From \emph{Swan Boats at Four}, a novel by George V. Higgins.

\begin{quotation}
Rutledge said ``In other words, if we'd painted over that damned
picture in the summer of nineteen seventy-eight, we would've made the
club, and ourselves individually, liable for a hundred thousand bucks,
plus interest at, say, an average of seven percent per annum,
compounded for thirty-four years. \ldots''

``Offhand,'' [David] said, ``I can't even imagine how much that
would've been.'' 

``At the time, I couldn't either,'' Rutledge said, `` \ldots so we
looked it up --- I don't mean we figured it out. \ldots I don't
recall the exact figure, but it came out to around a million and a
half dollars.''%
\begin{csmr}
George V. Higgins, 
\emph{Swan Boats at Four},
Henry Holt and Company, 1995,
pp. 198-199.
\end{csmr}
\end{quotation}

\begin{sol}
\begin{abcd}

\item  Use the rule of seventy to decide whether Rutledge was right
  when he said the figure was ``around a million   and a half dollars''.

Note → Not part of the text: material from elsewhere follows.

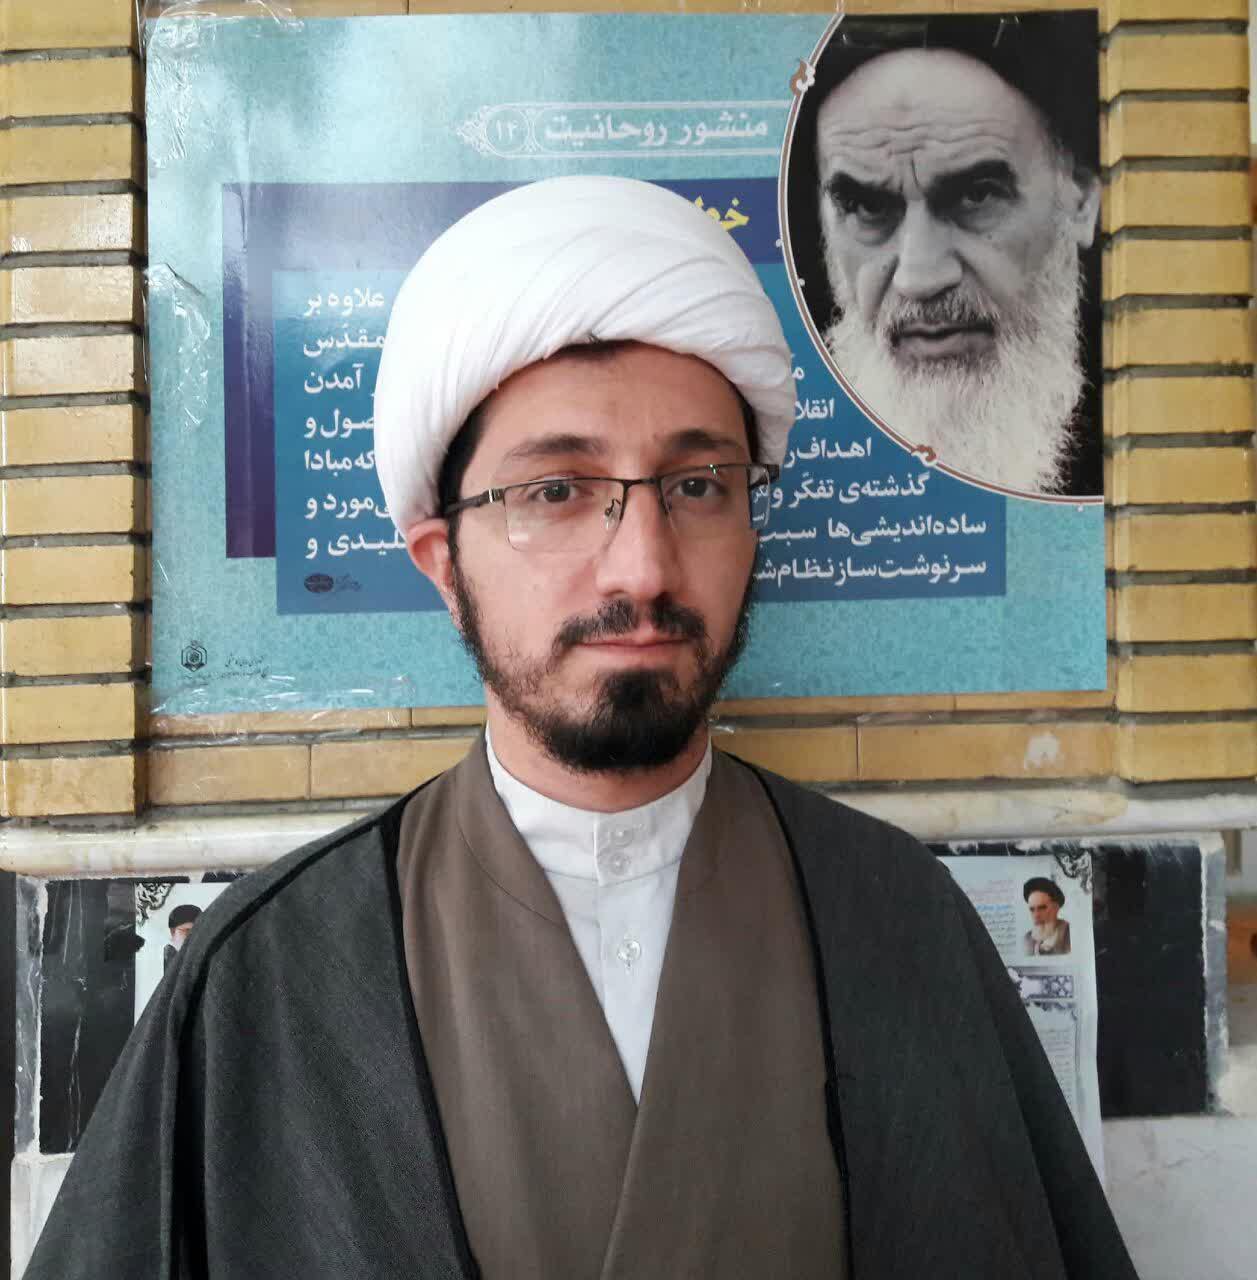 حجت الاسلام مقداد یعقوبی مدیر مدرسه علمیه باقرالعلوم(ع) سرپل ذهاب
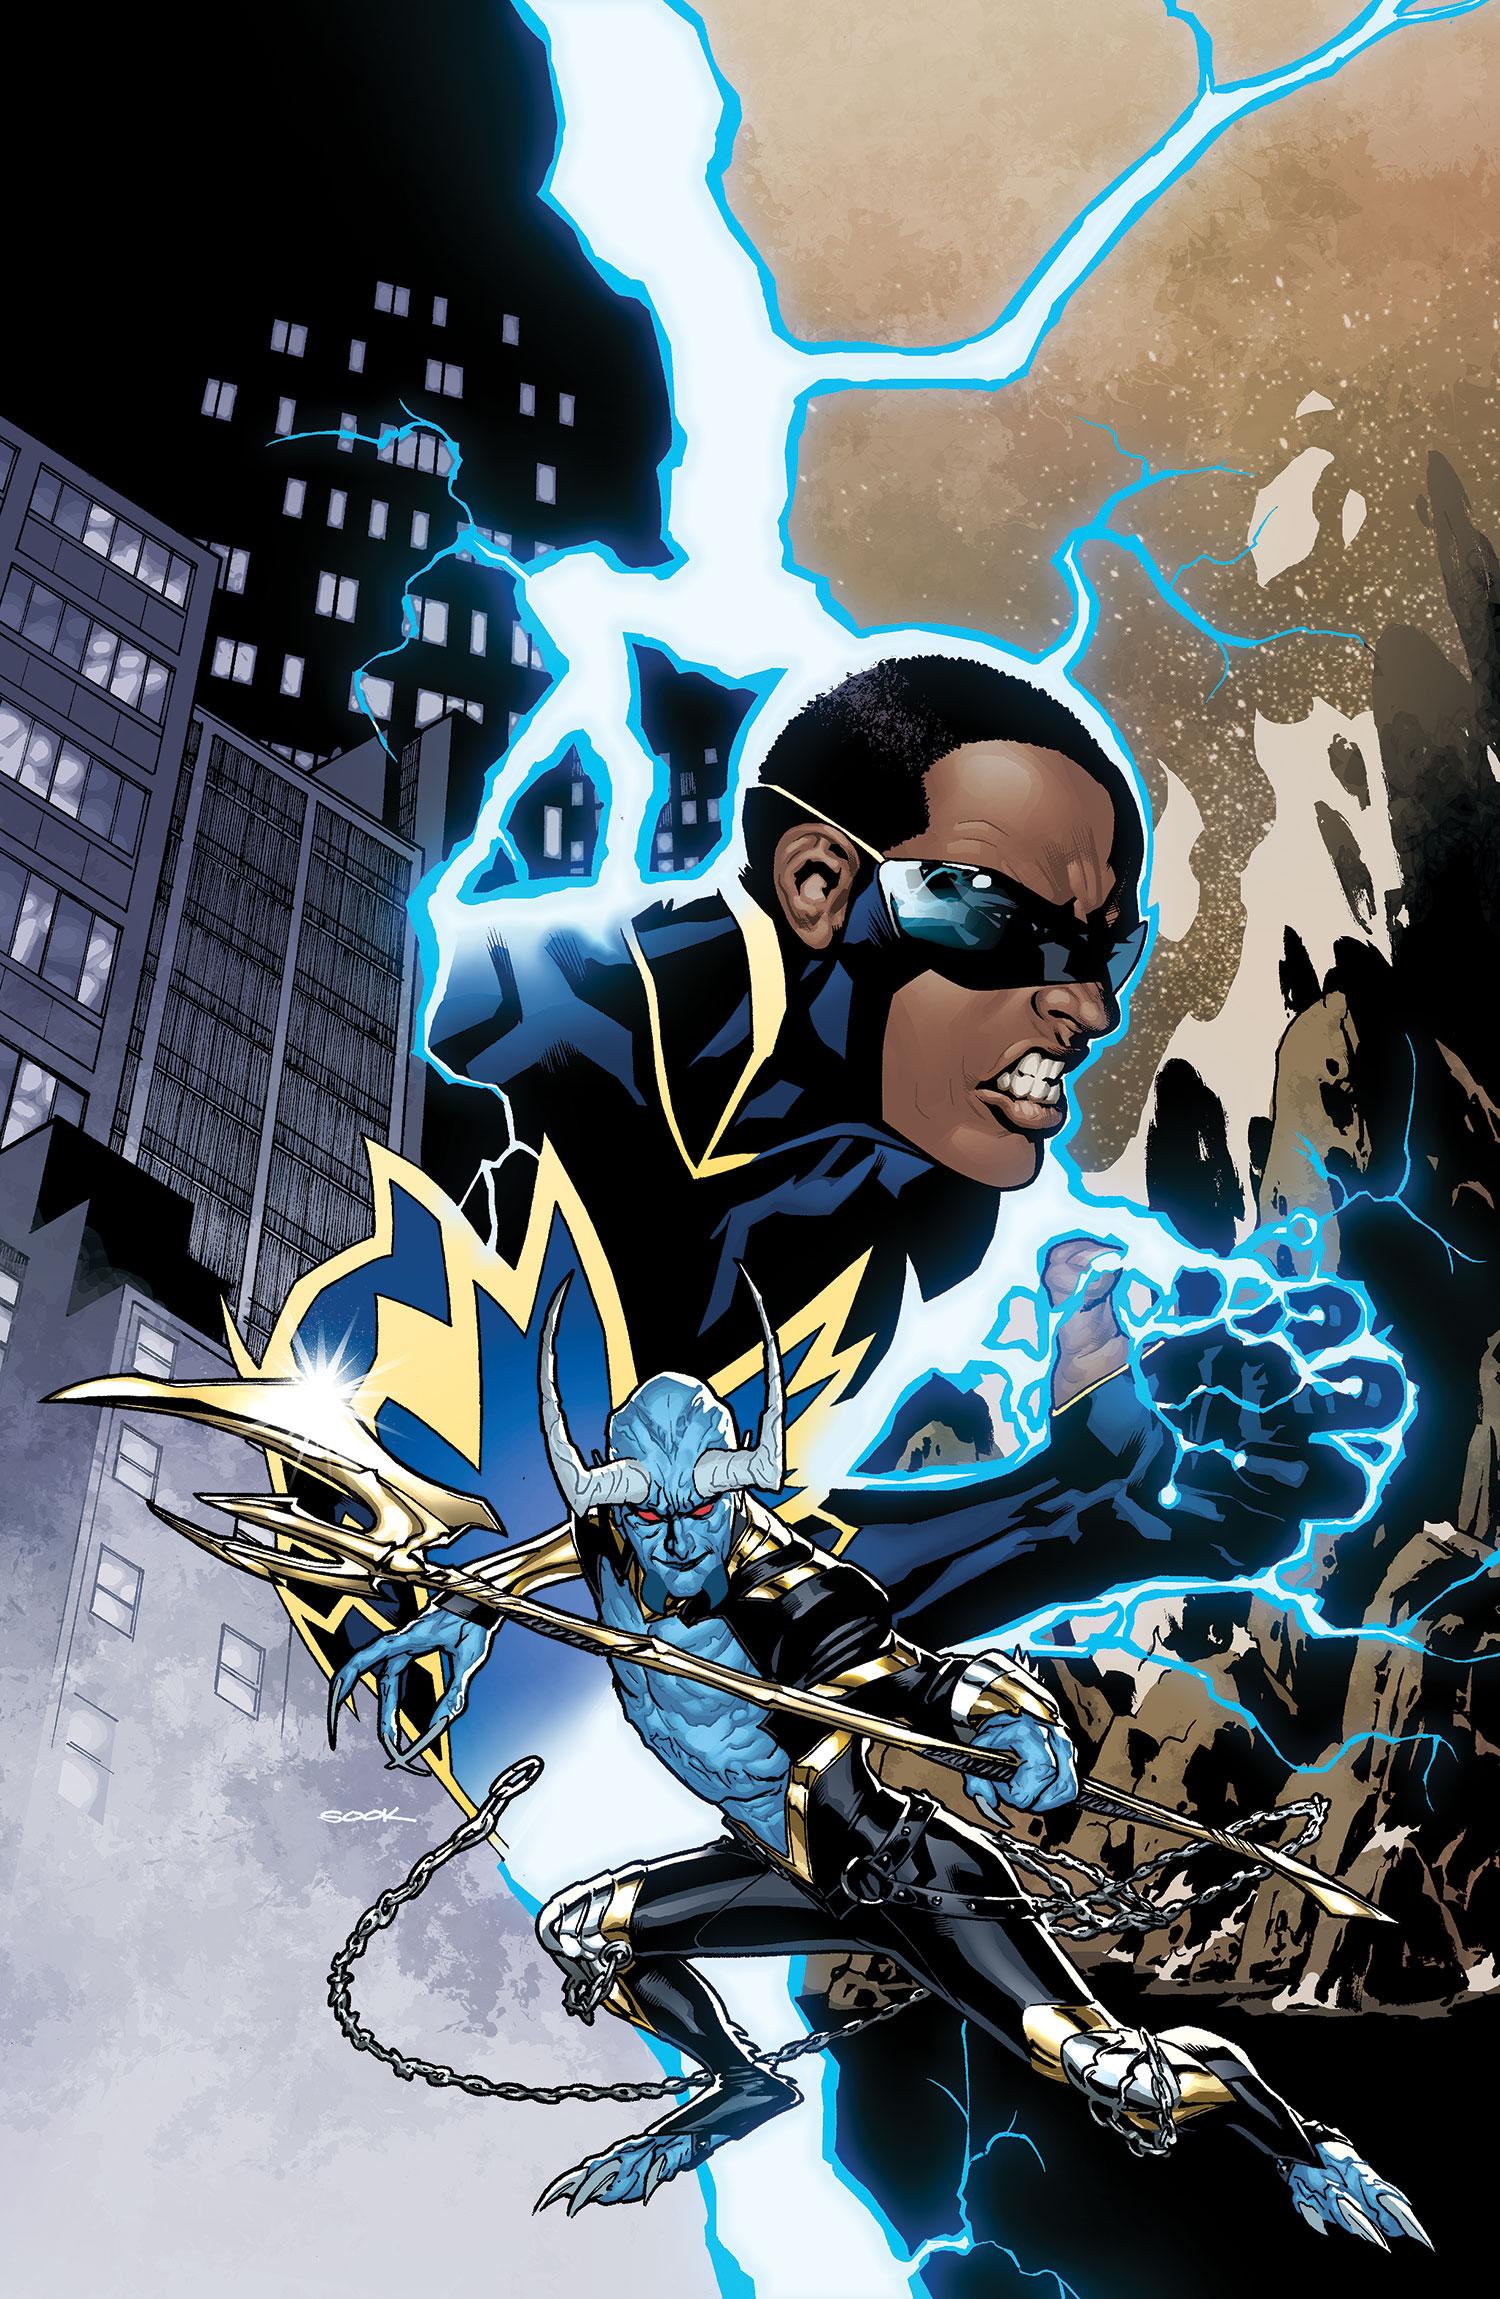 Amazing Black Lightning Pictures & Backgrounds

The rule of seventy tells me that seven percent interest doubles
a debt in ten years. In twenty years it will quadruple, in
thirty it will be eight times as large. So the \$100,000 would be
\$800,000 after 30 years. It would be \$1,600,000 after 40
years. That's barely over a million and a half, so I don't think
it would be a million and a half after just 34 years.

\item Calculate the answer.

\begin{equation*}
100,000 \times 1.07^{34} = 997811.353702
\end{equation*}
%
so the \$100,000 debt would grow to just about a million dollars in 34
years.
\end{abcd}

\end{sol}